Nutri-Score ist eine freiwillige Lebensmittel-Kennzeichnung durch die Produzenten. Sie zeigt auf, wie ausgewogen ein Produkt auf einer Skala von A bis E zusammengesetzt ist.
zvg
Eine Kennzeichnung von Hartkäse mit dem Nutri-Score hat keine grossen Auswirkungen auf das Kaufverhalten der Verbraucherinnen und Verbraucher.
Keinen Effekt
Aber der Erfolg einer Nährwertkennzeichnung auf der Vorderseite von Lebensmittelverpackungen scheint vom kulturellen und marktwirtschaftlichen Kontext des Landes abzuhängen, in dem sie eingeführt wird. Das legt eine wissenschaftliche Studie nahe, die im Fachmagazin «Food Policy» erschienen ist.
Darin hat ein Mailänder Forschungsteam untersucht, wie sich ein Nutri-Score der Qualitätsstufe «D» – also die zweitschlechteste Bewertung der Nährwertzusammensetzung dieser fünfstufigen Skala – auf die Kaufabsicht und die gesundheitliche Bewertung von Hartkäseprodukten in Italien und den Niederlanden auswirkt. Dabei wurden Produkte mit und ohne geografische Herkunftsangaben verwendet. Laut der Studie kann ein Nutri-Score D zwar die wahrgenommene gesundheitliche Qualität mindern, insgesamt fand das Team aber keinen signifikanten Effekt auf das Kaufverhalten. Allerdings gab es durchaus Unterschiede zwischen den italienischen und niederländischen Versuchspersonen.
Unterschiede zwischen Italien und den Niederlanden
In Online-Experimenten hatten die Forschenden verglichen, wie Personen auf einen Hartkäse reagieren, wenn dieser gar kein Label, den Nutri-Score mit der Stufe D, eine geschützte Ursprungsbezeichnung (g. U.) oder beide Label aufwies. Zudem wurde die wahrgenommene gesundheitliche Qualität des Produktes abgefragt.
Die Ergebnisse zeigten, dass ein Nutri-Score-Label die Kaufabsicht und die Gesundheitseinschätzung der Italienerinnen und Italiener nicht zu beeinflussen schien. Die niederländischen Versuchspersonen reagierten hingegen ambivalenter darauf. Während der Käse von ihnen als weniger gesund eingestuft wurde, konnte eine Ursprungsbezeichnung den negativen Effekt abmildern. Diese Angabe kann den Wissenschaftlerinnen und Wissenschaftlern zufolge also ungünstige Nährwertinformationen in Teilen ausgleichen. Zudem reagierten die Niederländerinnen und Niederländer auch zum Teil positiv auf den Nutri-Score, was die Forschenden damit erklären, dass sie die zusätzlichen Informationen trotz des schlechten Nährwertes schätzen.
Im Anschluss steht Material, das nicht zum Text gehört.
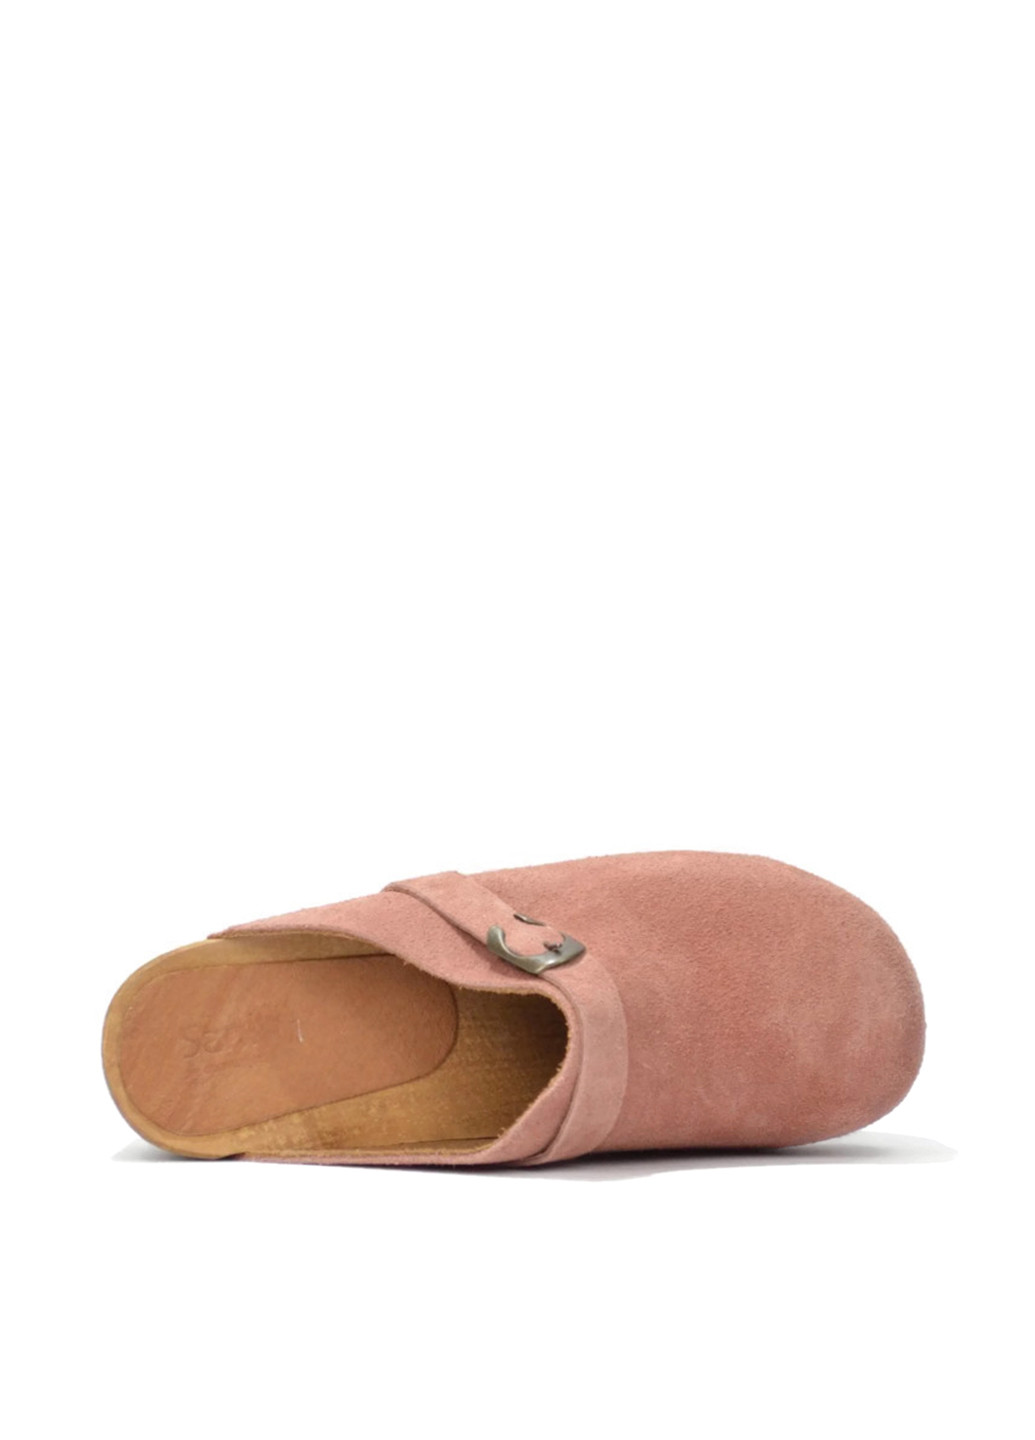 Розовые сабо Sanita на низком каблуке с пряжкой

Bedeutung kultureller Unterschiede
Der Studie zufolge wurde die Analyse in diesen beiden EU-Mitgliedstaaten durchgeführt, da sie sich hinsichtlich der Verbreitung geografischer Angaben (g. g. A.) stark unterscheiden. Italien habe über 300 registrierte Lebensmittelprodukte mit einer Ursprungsbezeichnung, während es in den Niederlanden weniger als 15 seien.
Die Autorinnen und Autoren schliessen aus der Untersuchung, dass in Ländern wie Italien, wo die geografischen Angaben bekannt sind, die Einführung zusätzlicher Kennzeichnungen wie dem Nutri-Score möglicherweise nur begrenzte Auswirkungen auf das Kaufverhalten hat. In Ländern, die mit der Ursprungsbezeichnung weniger vertraut sind – wie beispielsweise den Niederlanden – scheint der Nutri-Score die Wahrnehmung der Konsumentinnen und Konsumenten stärker zu beeinflussen.
Darauf müssten Politikerinnen und Politiker bei ihrer Entscheidungsfindung zu einer einheitlichen unionsweiten Kennzeichnung für Lebensmittel achten, appellierten die Forschenden.